I was driving down the coast towards San Francisco in the summer, stopped for a sandwich in a little town, popped into a secondhand bookshop and bought this:
As you can see, it came highly recommended, by the Dalai Lama (not just recommended, he actually wrote the preface) and several reputable writers.
It turns out to be wonderful. I have it by my bedside and the chapters are long enough to be interesting and short enough to get through before I fall asleep. Each chapter describes and reflects on a quality – humility, warmth, trust, belonging and so on, demonstrating how these qualities play to kindness and benefit life. The writing is simple and well structured, the material is both uncloying (if that’s a word) and practical.
So, it’s a lovely book. But that’s not my point. I actually bought this book because of the inscription, which reads:
It is impossible not to imagine David, fresh out of law school being reminded, by a sister, an aunt, a friend, of the qualities that can get easily lost in that career; it’s also hard not to worry about why this copy turned up in a second hand book shop. Mem’s inscription was why I bought it.

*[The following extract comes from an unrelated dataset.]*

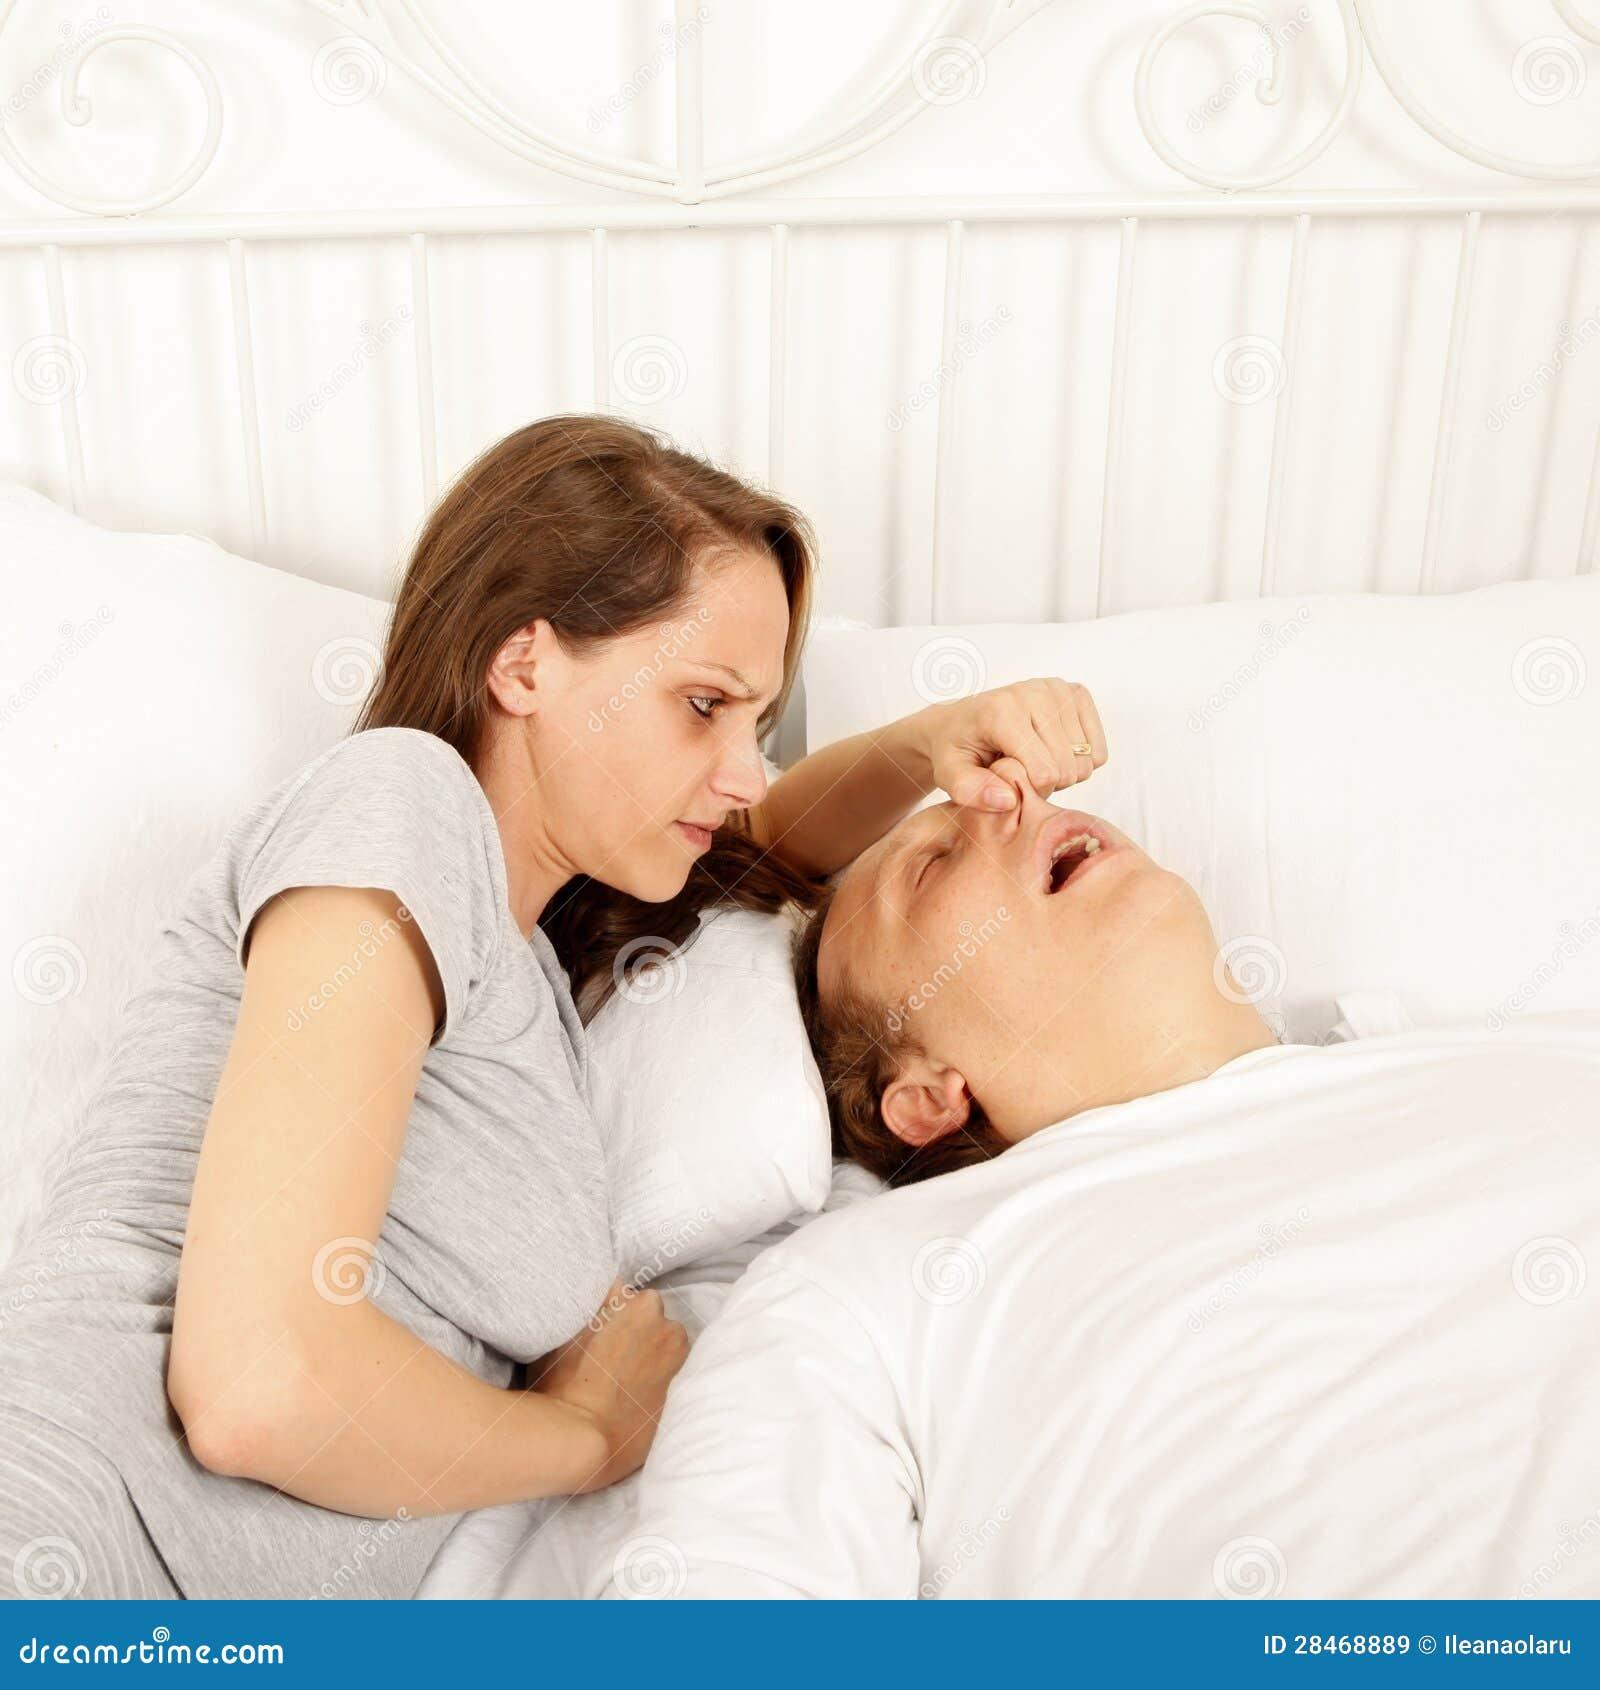 Why snoring men

Looking up Piero Ferrucci, I see he’s influential in the field of Psychosynthesis, an area a friend of mine has mentioned to me several times but I’d somehow failed to pay much attention to. Putting these two leads together, I’m now thinking of doing the Psychosynthesis foundation course, and who knows where that will take me.
It’s making me think about coincidence and influence, serendipity and synchronicity. How one thing leads to another, and how we have control over our choices and also, sometimes, apparently none. Funny old life.
How have apparently random choices led to unforeseen opportunities for you?